Gehen Sie zurück zum Anfang, gehen Sie nicht über los. Also
wieder die Tauchübung. Erika taucht, sie hat keine Schwimmbrille auf, sie sieht
wenig, kennt den Weg nicht, hört nichts. Sie bekommt keine Luft.
Sie merkt nichts, oder wenig. Sie kann das alles nicht
realisieren, sie kann nur den Schmerz unter dem Deckel halten. Das Leben geht
weiter. Ihr kaltes Herz modert in ihrem Bauch, da spürt sie keinesfalls hin.
Erika lebt nur noch eine flache Scheibe von sich, so wie ihre Mutter. Aber die
hat richtige Schicksalsschläge hinnehmen müssen.
Erikas Mutter war sieben Jahre alt, als ihre eigene Mutter
starb. Als Kind konnte Erika das Mitgefühl kaum aushalten, wenn ihre Mutter
davon erzählte. Erika fühlt sich ganz
stark an ihre Mutter gebunden. Die Mutter war erst 19, als dann auch ihr Vater starb.
Das war ein anderer Vater als Erikas. Die Mutter spricht mit liebevoller
Ehrfurcht von ihrem Vater. Erika stellt sich immer vor, wie allein gelassen und
voller Trauer ihre Mutter damals in der chaotischen Welt stand. Das war ja
Chaos pur: Nazizeit, Krieg, Vertreibung, Besetzung. In all dem Durcheinander
fand ihre Mutter den Mann ihres Lebens. Horst. Der heilige Horst. Erika hat
sich viel von Horst erzählen lassen. Der absolute Gutmensch. Die Zwei haben
geheiratet, die Mutter war zweimal Schwanger, beide verloren, und bald danach
hat Krebs den Horst dahingesiecht. Erika sieht nur Trauer und Verlust, wenn sie
sich die Jugend ihrer Mutter anschaut. Als Kind konnte sie das gar nicht
aushalten, inzwischen hat sie sich daran gewöhnt. Die Cognacflasche steht schon
immer in der Küche über der Spüle, das macht Erika ihrer Mutter auch nach. Aber
Cognac mag sie nicht, sie trinkt Martini oder Apfelkorn, Hauptsache es knallt.

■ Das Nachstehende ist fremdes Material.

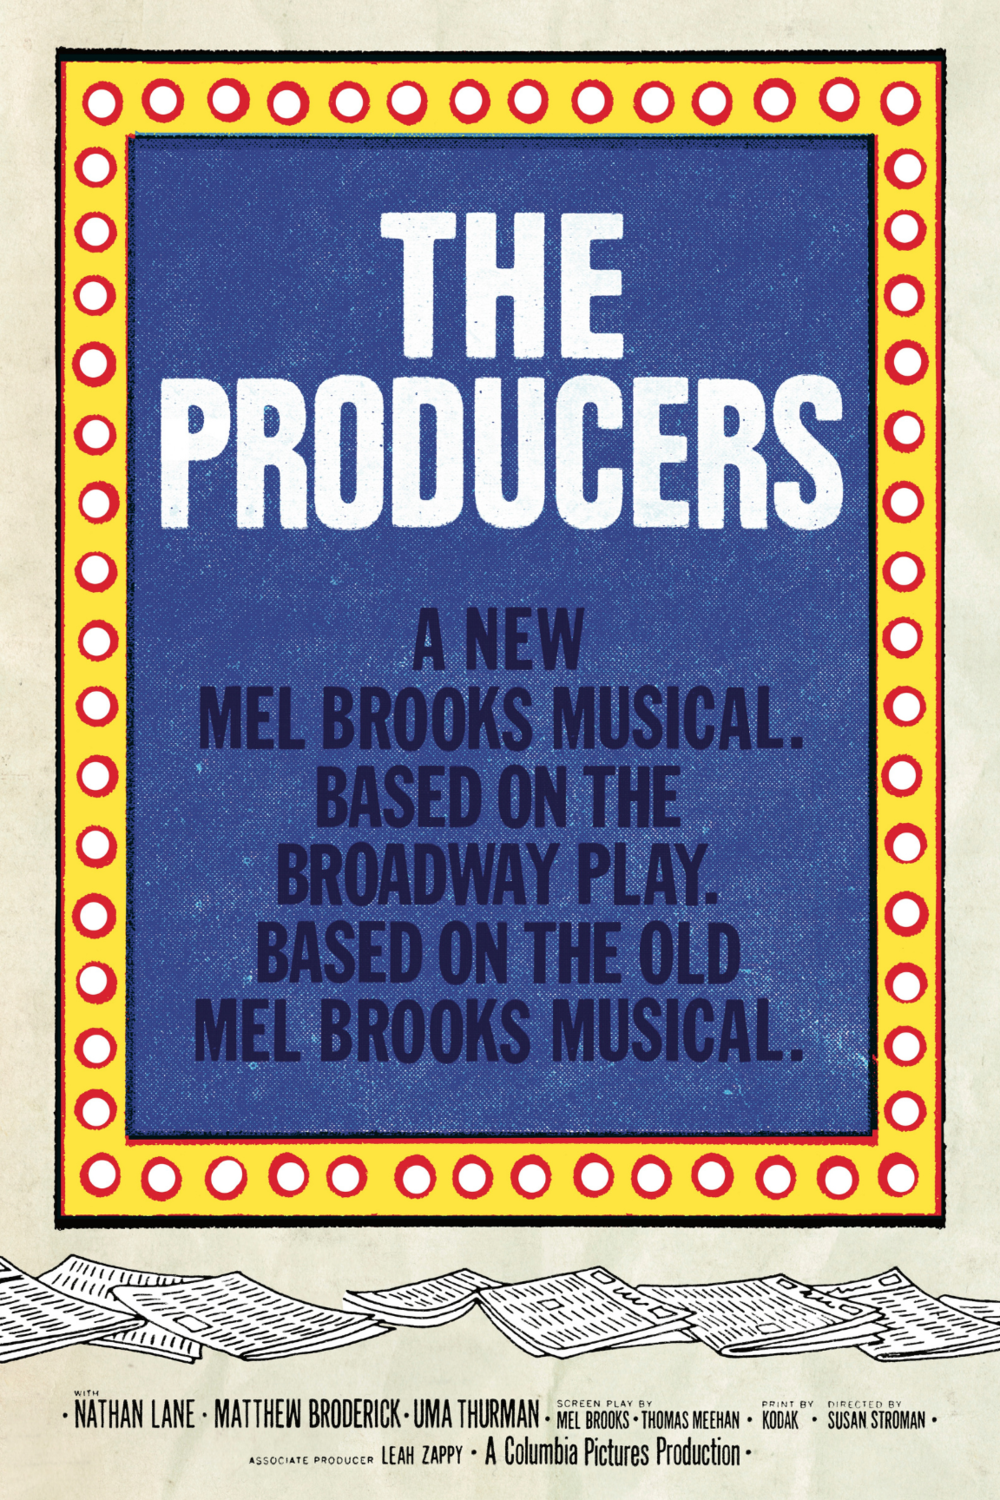 THE PRODUCERS Poster - Spencer Smith

Ihre Mutter ist flach, Erika kann das verstehen, nimmt es ihrer Mutter nicht
übel. Ihre Mutter hat sich abgeschnitten, von ihren eigentlichen Gefühlen. Man
muss wohl zu Horsts Grab gehen, um den Rest von ihrer Mutter zu finden.
Vordergründig kann man keinen Mangel erkennen. Ihre Mutter ist liebevoll und
empathisch. Aber wenn man genau hinschaut, erkennt man den Rückzug vom Leben,
die tiefe Trauer, die sie umflort und eben, dass sie ganz flach ist, abgeschnitten
von ihren Gefühlen, die sie ausmachen.
Nein nein, Erika vergleicht sich nicht mit ihrer Mutter, das
ist unmöglich. Und doch hat Erikas kleine
Geschichte sie zerrissen und nun macht sie es ihrer Mutter nach, trinkt,
taucht und schneidet sich ab. Das kleine Fitzelchen Selbstbewusstsein, das in
letzter Zeit gewachsen war, ist mit zersplittert. Erika sitzt wieder in ihrem
Zimmer und macht den Köpper in den Abgrund, bodenlos. Sie hätte Peter fragen
können, warum es so gekommen ist. Aber sowas macht sie nicht. Wenn sie sich
verletzt fühlt, zieht sie sich sofort ganz zurück. Das ist wie ein Reflex, geht
ganz schnell, da hat sie keinen Einfluss. Also kann sie nur raten, aber sie rät
nicht mal, sie bezieht es einfach voll und ganz auf ihre Person. Sie ist nicht
liebenswert. Das ist die einzige Lehre, die sie aus der Geschichte ziehen kann,
aber sie hat den Deckel drauf und zieht ihn mit Apfelkorn fest.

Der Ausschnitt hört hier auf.